Where the line containing "Model Brookes.hayden /" appears below, begin there and reproduce each line exactly through the last one, omitting pictures.
___ Collected material ___
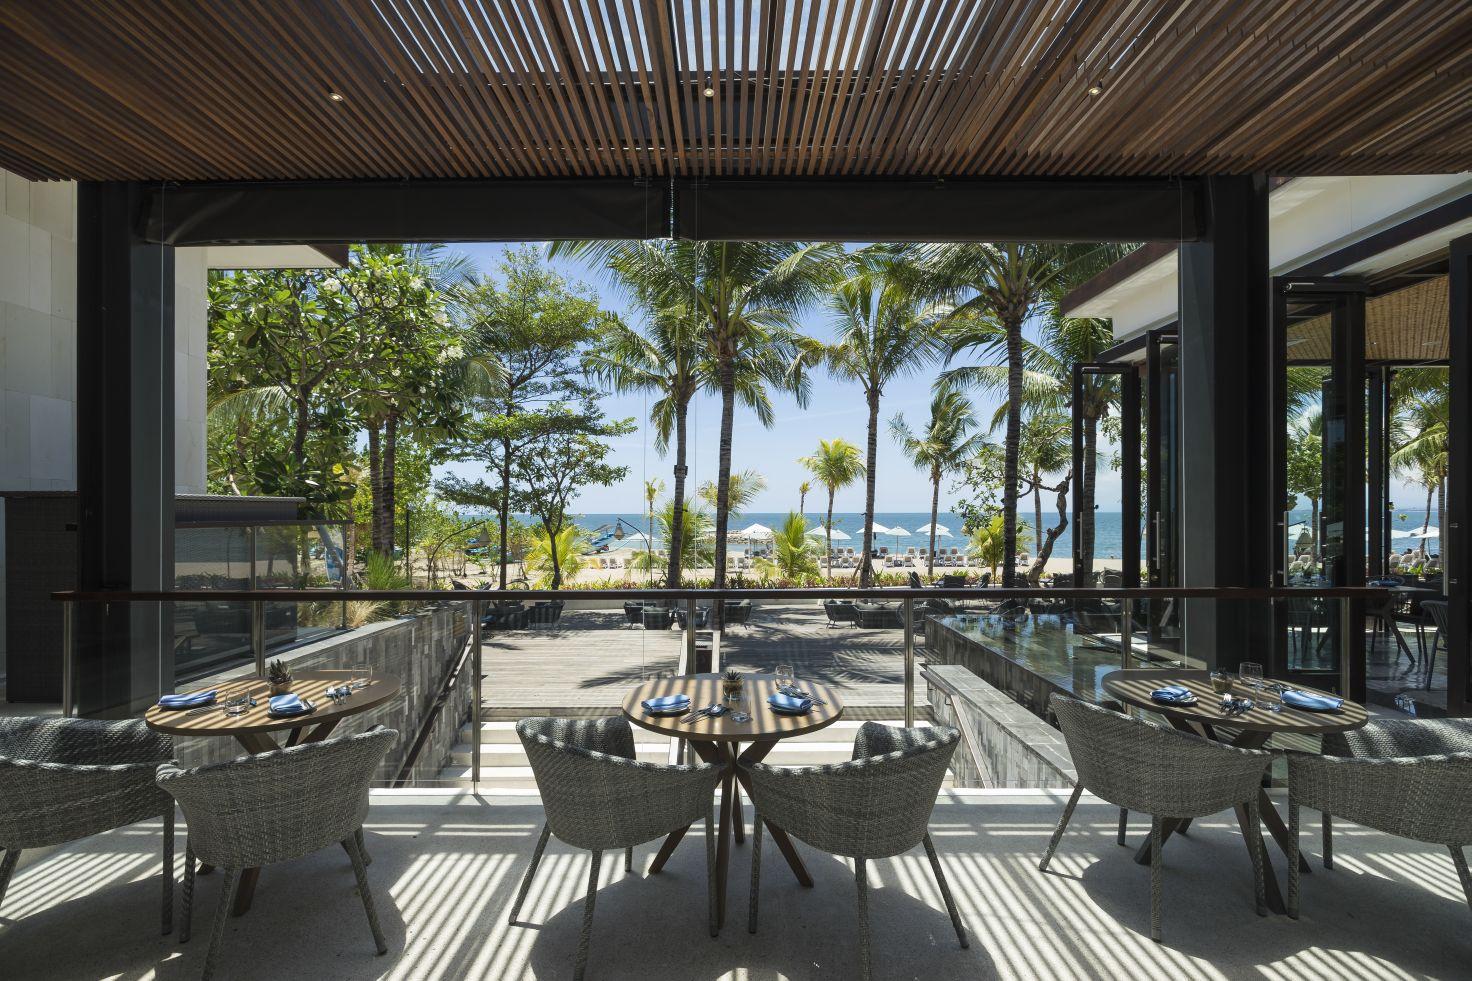 http://highend-traveller.com/retox-and-recharge-at-the-anvaya-beach-resort-bali/
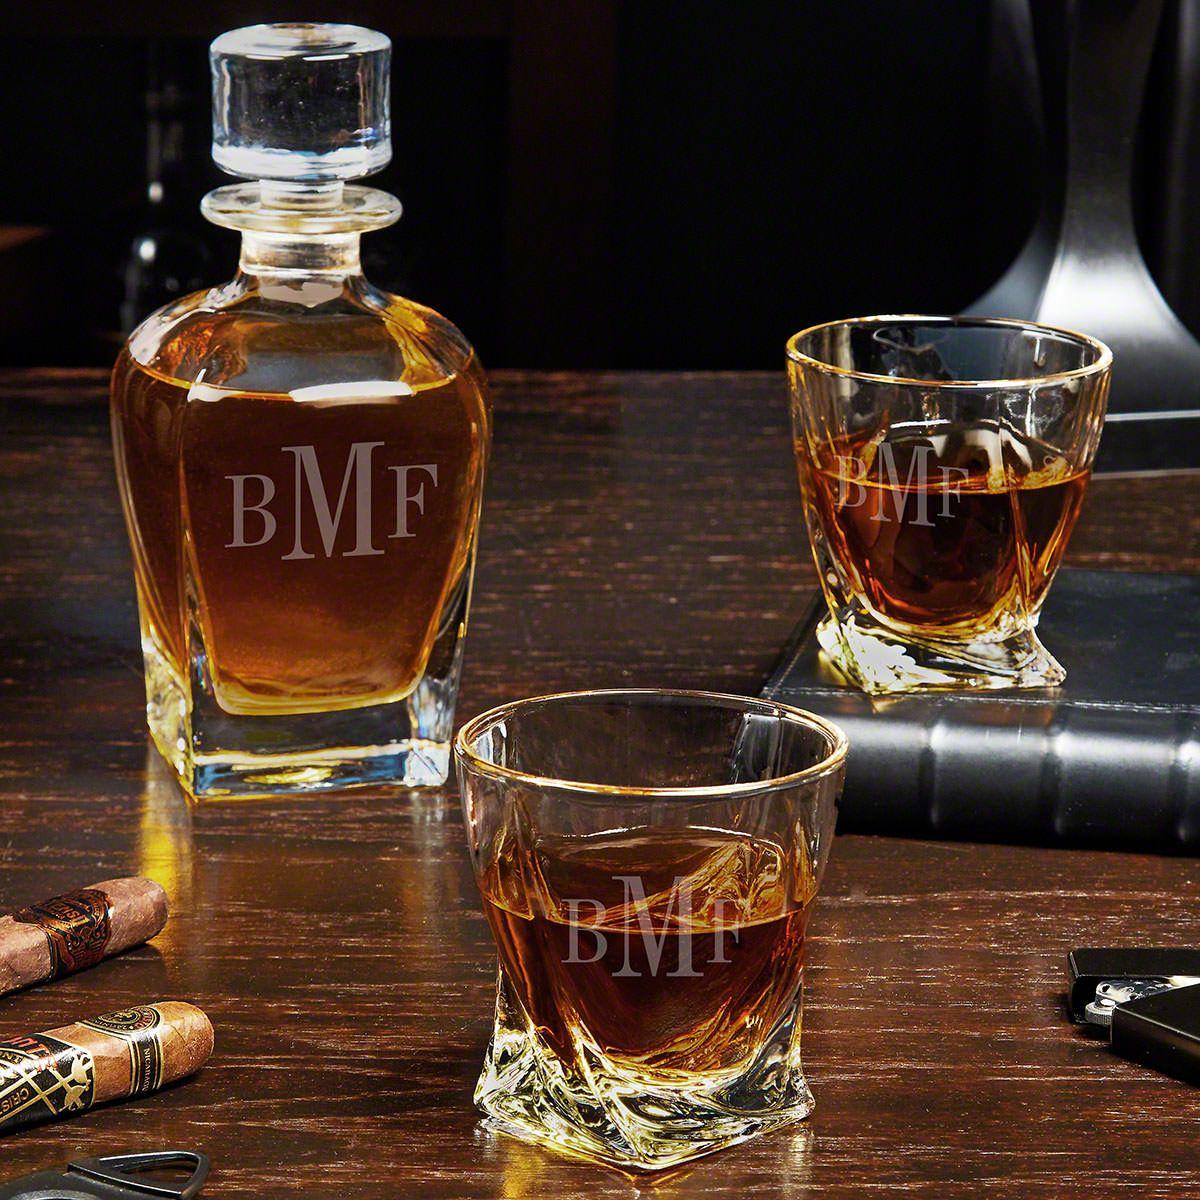 Classic Monogram Engraved Draper Whiskey Decanter Set
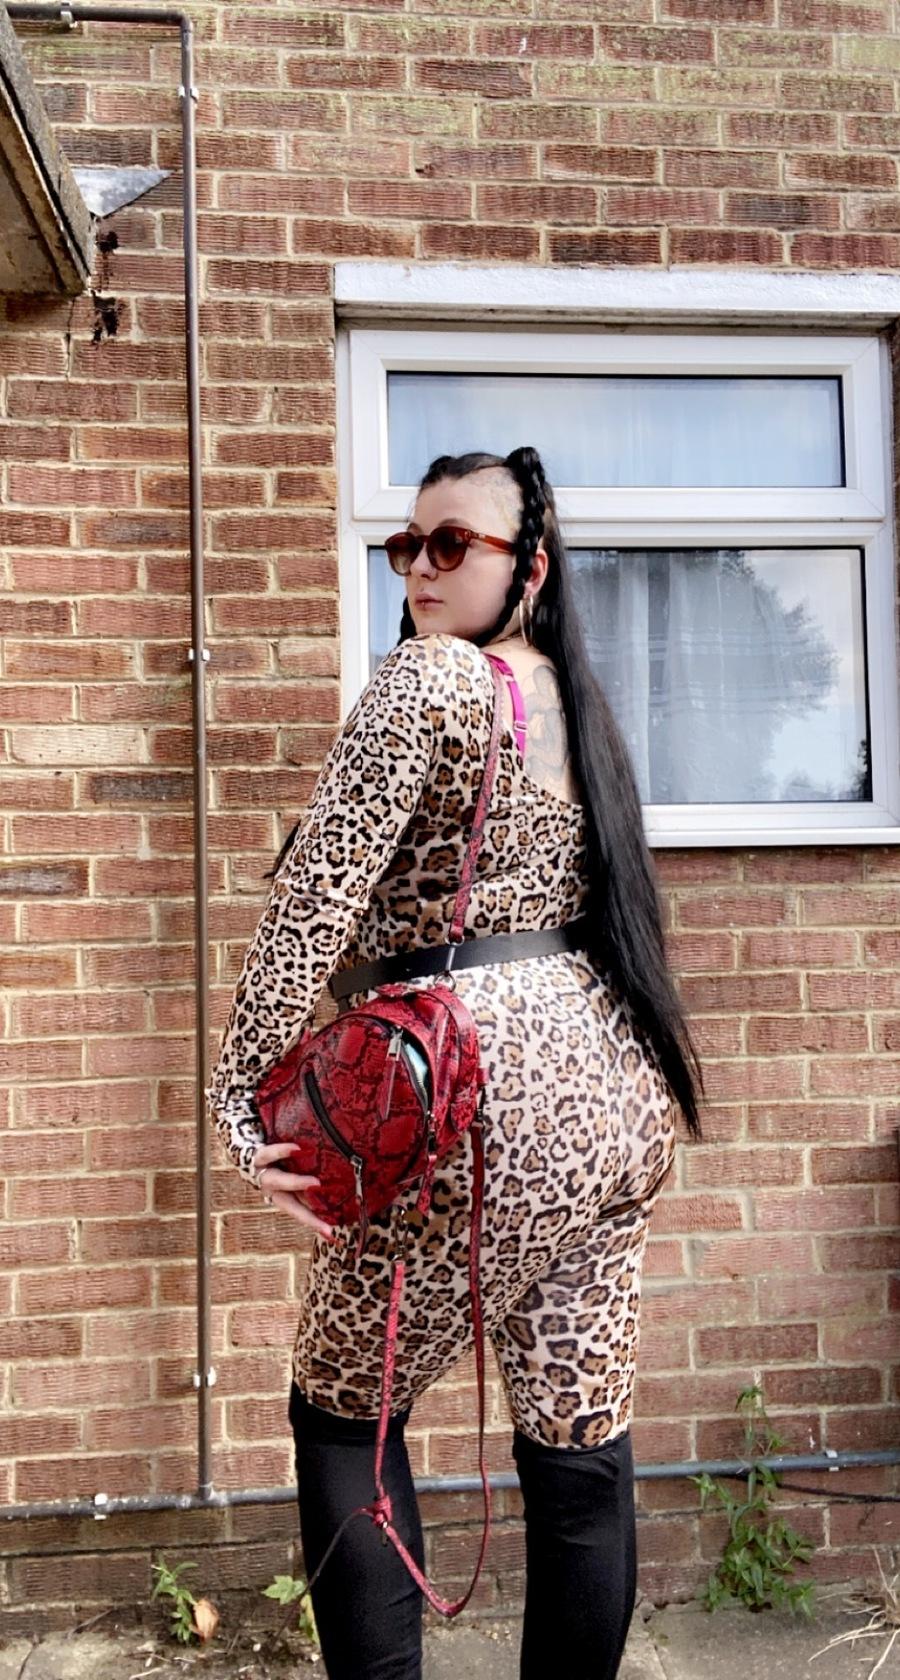 Model Brookes.hayden / Uploaded 29th August 2021 @ 08:32 AM
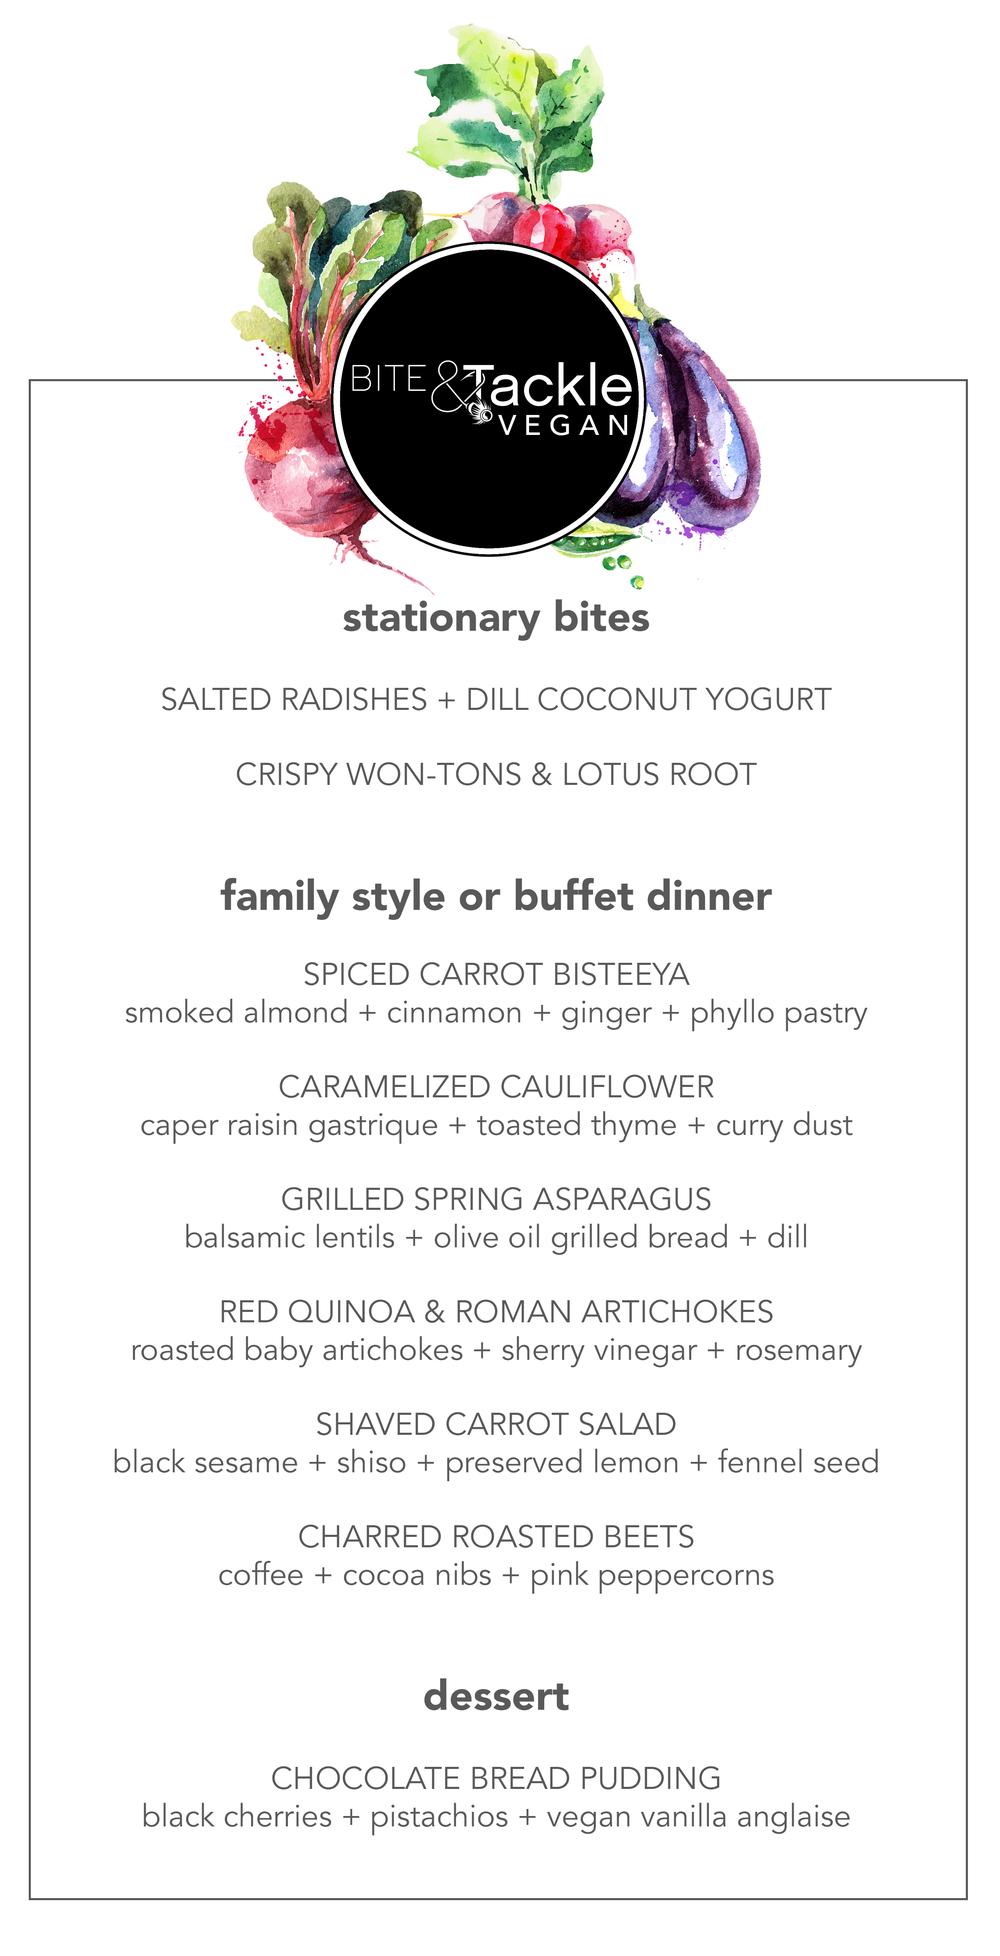 BITE & Tackle NYC Spring Vegan Dinner Menu
___
Completed exercise:
 Model Brookes.hayden / Uploaded 29th August 2021 @ 08:32 AM
 BITE & Tackle NYC Spring Vegan Dinner Menu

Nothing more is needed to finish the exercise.